Best way to delete all the documents of an Engine

Hello, I need to delete all the documents (30k) on an Engine.
I saw another post suggesting to list/query all of them and then call DELETE. I tried that but it's veeery slow, even sending bulks of 200 documents in each DELETE request.
Besides I'm having the problem that after deletion, the search is returning the deleted documents again, entering in a loop.
Anyway, this is very inefficient.

I also tried to delete the engine and recreate it with the same name in version 7.6, but after a couple of minutes it begins responding error 500 when posting new documents. I would prefer this way since it requires a lot less requests to archieve, and is much more quicker

Creating a new engine each time, loading up with all the documents and then delete the older engine may be a solution, but it comes with complex logic

What path do you recommend??

Hello @gpribi :wave:

App Search wasn't designed for something like this because the search on your website/app would sort of be broken/partial while it is being emptied, so perhaps you could explain the use case a bit more, would be interesting to learn more about why you need to delete all the documents in an engine, and not just delete the engine itself.

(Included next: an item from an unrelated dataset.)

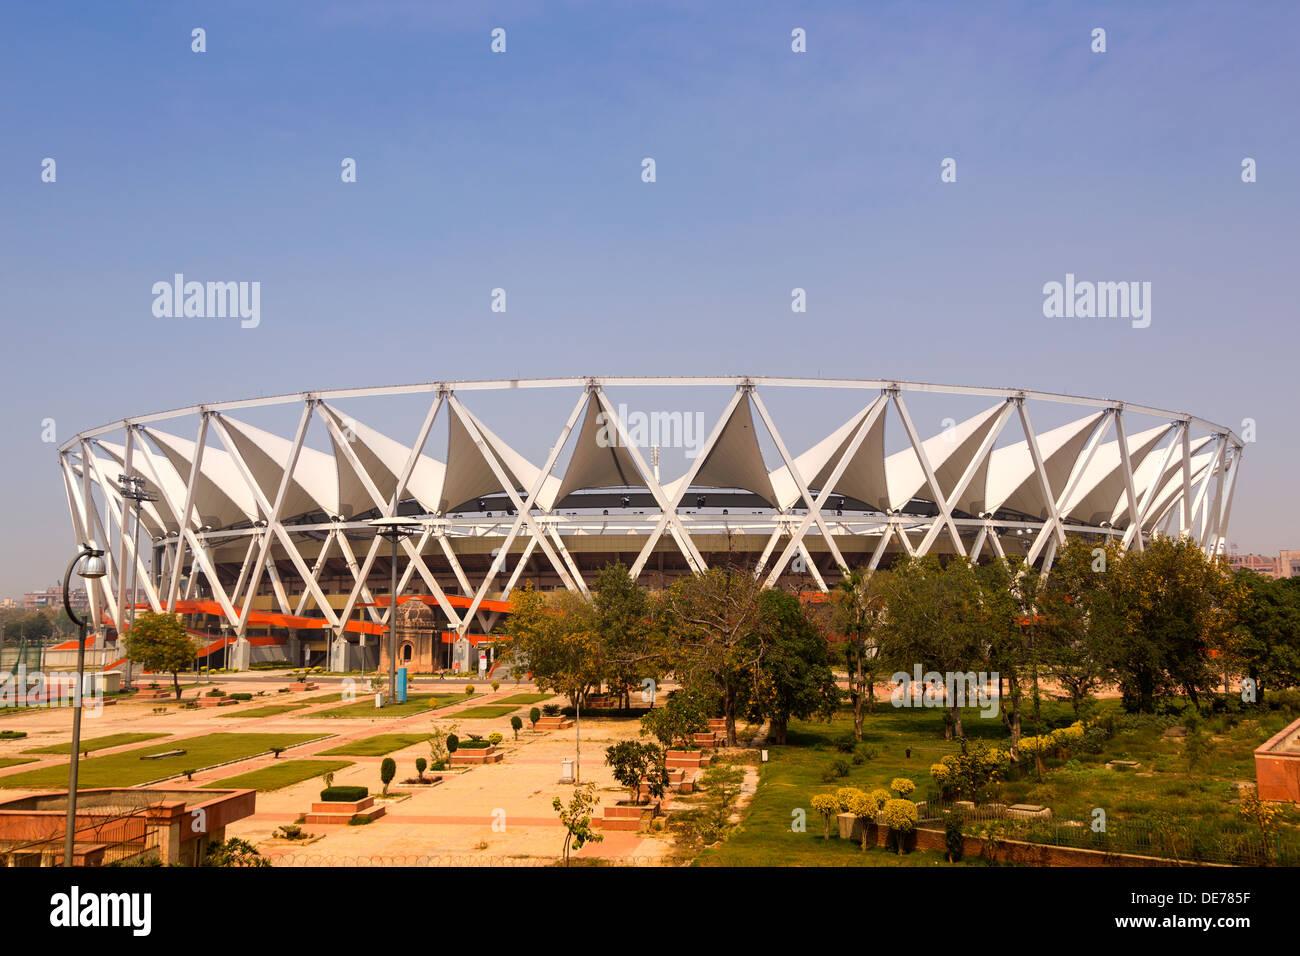 India, Uttar Pradesh, New Delhi, Commonwealth Stadium - Stock Image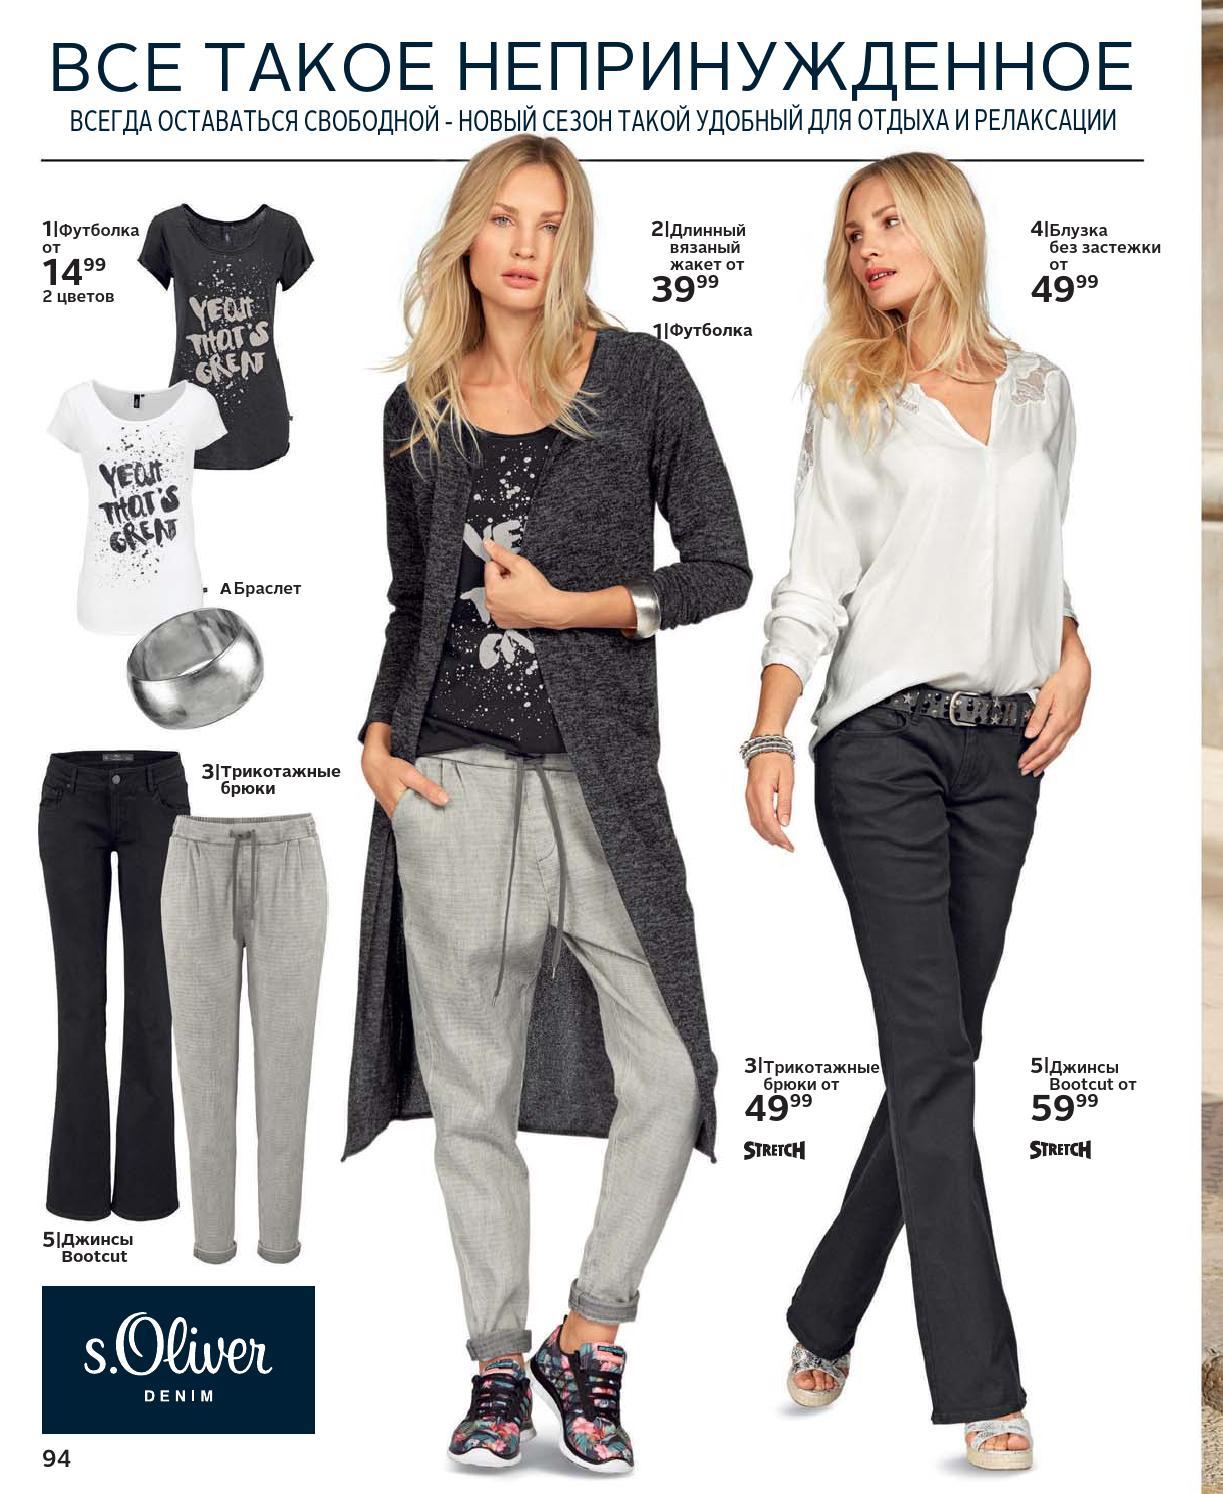 Каталоги Одежды Женской

Various engine settings, like curations, would also be affected by emptying the engine, so that's another reason for not supporting something like what you're describing.

2 Likes

Sure! I have a marketplace with 30k products. My main database is a mysql, mirroring async into appsearch with API calls for search purposes.

Those products are constantly being created, modified, deleted, rejected, paused, resumed, past due date, manually deleted because of duplications or account suspensions, and many other operational situations. Many of them happen in my API, and some of them are still manual updates directly in the database.

Every API call I receive triggers an Appsearch API call in order to apply that change.

Since I have so many different situations that alter the product set, and still having a lot of modifications directly in mysql, I want to make a fully initial load everyday with logstash, just to be sure that at the begining of the new day, my product set will be updated.
Otherwise, If I just miss a DELETE because of a bug, direct modification in mysql, or any other reason, that product will be forever in my resultset, and that can be dangerous.

I tried using logstash for ETL instead of appsearch API calls, but its output plugin lacks DELETE and PATCH requests, just PUSH, so it falls short for my needs.

A couple of minutes of downtime aren't a problem since I have a failover search method directly to mysql during the couple of minutes the initial load is happening.

It won't be a problem to delete an engine and recreate it. I don't have any curations nor synonims , and the boosts and wheights are specified in the JSON requests. The problem is that after deleting the engine, and recreating the engine and schema, after a couple of minutes every POST request begin returning error 500, without any clue in the API Logs. The only solution is to destroy the elasticsearch and appsearch containers (I'm using docker) and recreate them

I hope I was clearly enough

This topic was automatically closed 28 days after the last reply. New replies are no longer allowed.